Quali azioni possono essere intraprese per contrastare la crisi nel SAHEL?

“Quanto sta accadendo nel Sahel è drammatico. Ed è esemplare degli effetti della desertificazione e della siccità. Con l’avanzare del deserto del Sahara e gli effetti del cambiamento climatico a livello mondiale, si sono rotti gli equilibri secolari che regolavano la vita di comunità principalmente di agricoltori e pastori. Recentemente la Caritas Italiana ha redatto un report sul tema. Dopo decenni, la crisi nel Sahel non è più solo ambientale o climatica. È una crisi umanitaria che deve essere affrontata tramite gli strumenti della comunità internazionale. Sono finiti i tempi della tiepidezza. O si interviene con decisione o le cose non potranno che peggiorare.

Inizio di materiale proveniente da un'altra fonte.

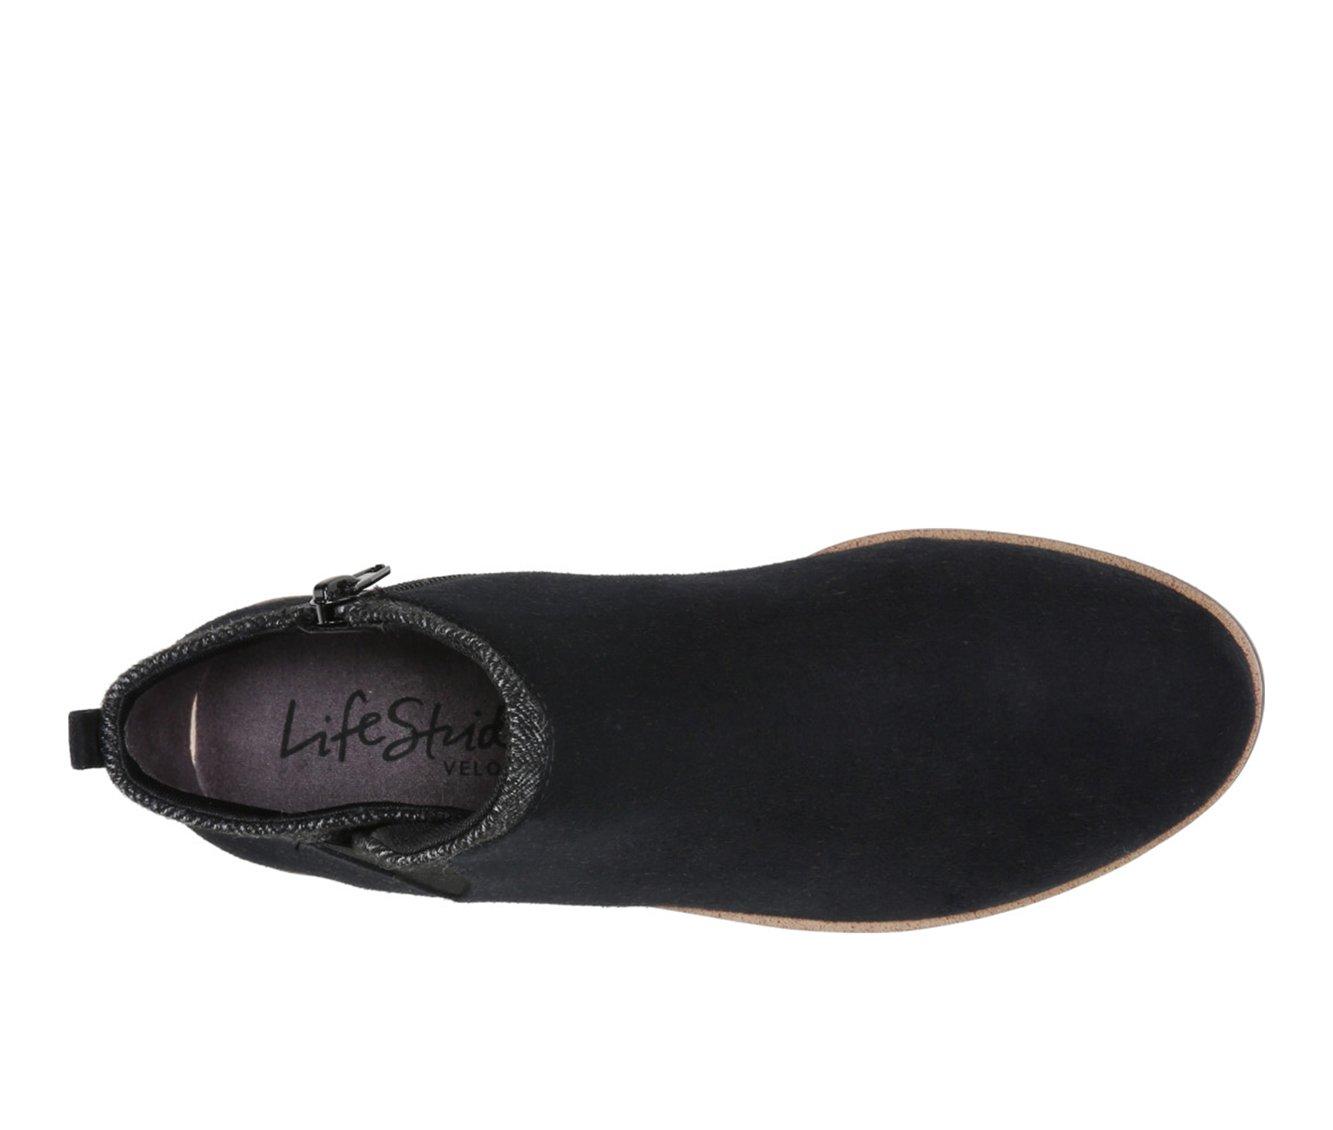 Women's LifeStride Zion Sneaker Boots

Su questo l’Europa dovrebbe avere la massima sensibilità. Siamo la naturale via di sbocco di una pressione che non possiamo ignorare”.

Quale lezione ci lascia la Laudato Si in tema di cambiamenti climatici?

“La Laudato Si è un messaggio primariamente di lotta alla povertà e di eguaglianza distributiva delle ricchezze. Tramite azioni da intraprendere sul piano ecologico, che vuol dire antropologico ed ambientale. Papa Francesco dedica ampi passaggi sul tema dell’uso del territorio e dell’accesso all’acqua potabile. Mi piace ricordare il passaggio LS 89 quando si paragona la desertificazione del suolo come una malattia che colpisce ciascuno di noi. Quello delle popolazioni che vivono senza o con scarso accesso ad acqua potabile è un tema che riguarda la negazione al diritto alla vita di queste persone. La Laudato Si ha un messaggio potentissimo. Che può schiacciare. Per questo molti la usano e la citano nei propri consessi a proprio piacimento. Ma ciò snatura il messaggio papale. Perché, ha detto Papa Francesco, “Tutto è connesso”. Ma, come tutti i messaggi evangelici, ha un grande messaggio di speranza: “sappiamo che le cose possono cambiare”.